A Receiver-Endoluminal-Coil (REC) integrating an active-decoupling circuit based on MEMS switch in series with the loop (sMEMS) was built and characterized on bench and at 1.5T. The results were compared to a conventional PIN-diode REC. Although the quality factor of sMEMS was significantly lower (34%) than the one of PIN-diode, efficient (|S11|<-0.1dB) and fast (delays<8µs) active-decoupling were obtained for the sMEMS. Obtained MR images display no hyper intensity or artifacts due to active-decoupling failure. SNR-values and SNR-isocontours of sMEMS were similar to those of PIN-diode for GRE and lower for FSE sequences. sMEMS can bring new coil-design possibilities for endoluminal-imaging.

Introduction

Despite the improved Signal-to-Noise Ratio (SNR) of MRI arrays of external receiver-coils1, it is still not possible to depict thin bowel and colon wall. Receiver-Endoluminal-coils (RECs) used close to the region of interest provide a high local SNR2. However, the strong coupling between REC and RF transmitter-coil during RF-transmission leads to a mutual induction and subsequent non-uniform B1 field in the vicinity of the REC-loop; thus RF-receiver-coils must be decoupled3. To ensure this capability, the PIN-diode is the mostly used component in the literature. Another decoupling solution resides in the use of Micro ElectroMechanical System (MEMS) switches4 which can be used also to bring new possibilities for MR-REC designs5. In this work, we propose to characterize a REC-loop using a MEMS switch to fulfill the role of active decoupling and compare its performance to a conventional PIN-diode REC.

Methods

To complete our previous work on MEMS placed in parallel with the loop6, a new set of prototype based on MEMS switch integrated in series (sMEMS) into a rectangular REC-loop (Fig.1-ab) was built and characterized on bench and images of a cylindrical phantom (Fig.2-d) were acquired. Its performance was then compared to a REC with conventional PIN-diode (Fig.1-cd). RECs were tuned to the Larmor frequency (F0) at 1.5T (63.9MHz) and matched to a 50Ω using a network analyzer. As showed in Fig.2, reflection coefficients S11 were measured and coil quality factors (Q-values) were derived at -3dB bandwidth. Decoupling efficacy was assessed at both Larmor and decoupled (Fd) resonance frequencies. Then, switching delays were measured. A circular broadband copper-loop connected to an RF-synthesizer enabled the generation of an RF signal at F0 that was transmitted to the REC by inductive coupling. The detected RF signal was measured using an oscilloscope. A periodic square signal was used as to couple/decouple the REC and delays were measured as the time between the square signal and the RF-signal. MR images were performed at 1.5T MR-scanner using the body-coil for RF transmission. Every REC was connected to the MRI connector (A-plug).
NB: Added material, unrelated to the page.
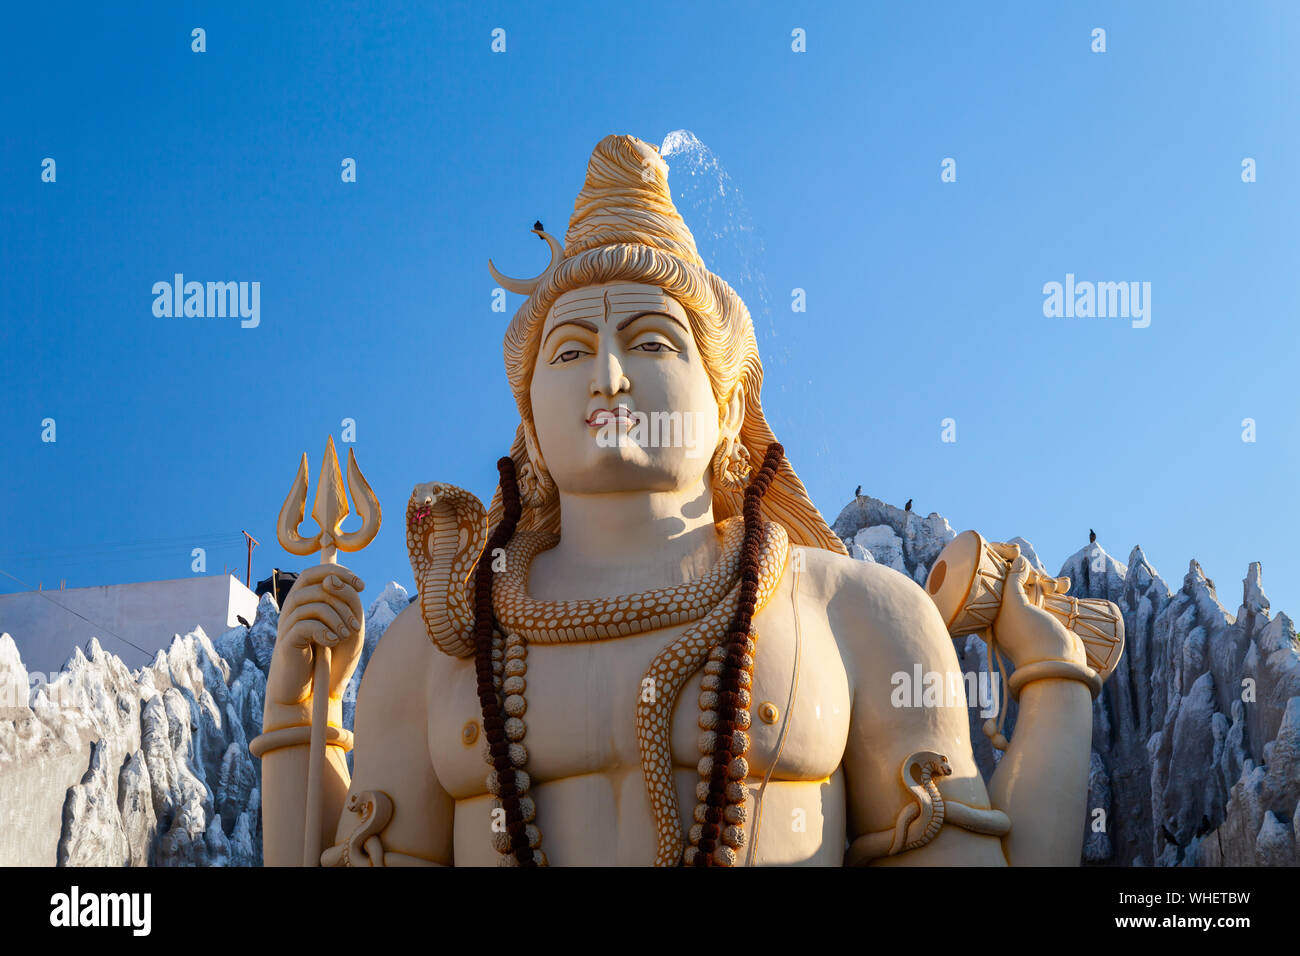 Lord Shiva statue at the Shivoham Shiva Temple, located in Bangalore city in Karnataka, India Stock Photo

A power-supply was used to supply 10V and 82V to the MEMS driver circuit. Connections through the Farday’s cage of the MRI-room was strongly filtered using adjusted custom-made λ/8 Coaxial Cable Traps (CCTs) to avoid induced RF-signal7 which would otherwise lead to not only strong image quality degradation but also damage to the MEMS and/or its driver. MR experiments were performed at 1.5T MR-scanner (MR450w). Multiple axial slices were acquired using gradient echo (GRE) and fast spin echo (FSE) sequences. Acquired images were post-processed. sMEMS and PIN RECs performances were compared in terms of SNR-uniformity distributions and mean-SNR.

Results

Q-values were equal to 62 and 41 for PIN-diode and sMEMS, respectively. During decoupling phase, S11 at F0 were inferior to -0.3dB. The PIN-diode REC frequency was shifted to 29.3MHz. The sMEMS loop was completely open (no resonance). Switching delays were below 0.7 and 8µs for PIN-diode and sMEMS RECs respectively. In the absence of traps (imaging experiments), RF-signal induced by the body-coil during transmit phase are superimposed to the DC control signal (up to 20V peak-to-peak) which could destroy the driver MEMS. Traps were added to avoid these problems (Fig.3). In the obtained images, no signal saturation or artifacts due to active decoupling failure were observed (Fig.4) for both sMEMS and PIN. SNR-values and elliptical SNR uniformity distributions of sMEMS were similar to those of PIN-diode for GRE sequence but lower for FSE sequence (Fig.5).

Discussion

The loaded Q-value of sMEMS was significantly lower (~34%) than the one with PIN-diode. This is mainly due to the location of MEMS and PIN-diode on the coil-loop. In the coupled (receive) state, the MEMS (integrated in series to the REC-loop) is closed and considered as an additional 0.5-1 Ω parasitic resistance in the loop that should be compared to the loop resistance. The MEMS REC switching delays are longer than the PIN REC which can be explained by the time necessary to mechanically move the switch in addition to the switching delays of its driver circuit8. However, controlled MEMS circuit have switching delays inferior to 8µs which are of the same order than controlled PIN-diode (<8µs) with added control circuit)9 and optical-based decoupling circuits (<14µs)10. MEMS active decoupling is still compliant with most MR clinical applications. S11 (~0dB), FS (~29MHz) of PIN-diode and the open loop of sMEMS both demonstrate an efficient active decoupling. This was confirmed on MR images where no signal artifacts were noticed. The similar SNR-values and SNR distributions of sMEMS and PIN-diode obtained with the GRE sequence demonstrates the image performance of sMEMS REC. However, the difference obtained with the FSE sequence is probably due to the strong RF power generated during the FSE acquisition which affects the added equipment (traps, DC coaxial cables) to the sMEMS design and thus increases the noise on the MEMS images.

Conclusion

The good performance (efficient and fast active decoupling and sufficient SNR) of sMEMS may offer interesting new designs of coils. sMEMS could be useful in particular when coil reconfiguration is necessary. It could open the way to new industrial designs and clinical endoscopic procedure for applications such as colon cancer.

Acknowledgements

Authors would like to thank the LABEX PRIMES of University of Lyon, which has supported this work within the program "Investissements d'Avenir" (ANR-11-IDEX-0007) operated by the French National Research Agency (ANR).

References

1. Roemer PB, Edelstein WA, Hayes CE, Souza SP, Mueller OM: The NMR phased array. Magn Reson Med 1990; 16:192–225.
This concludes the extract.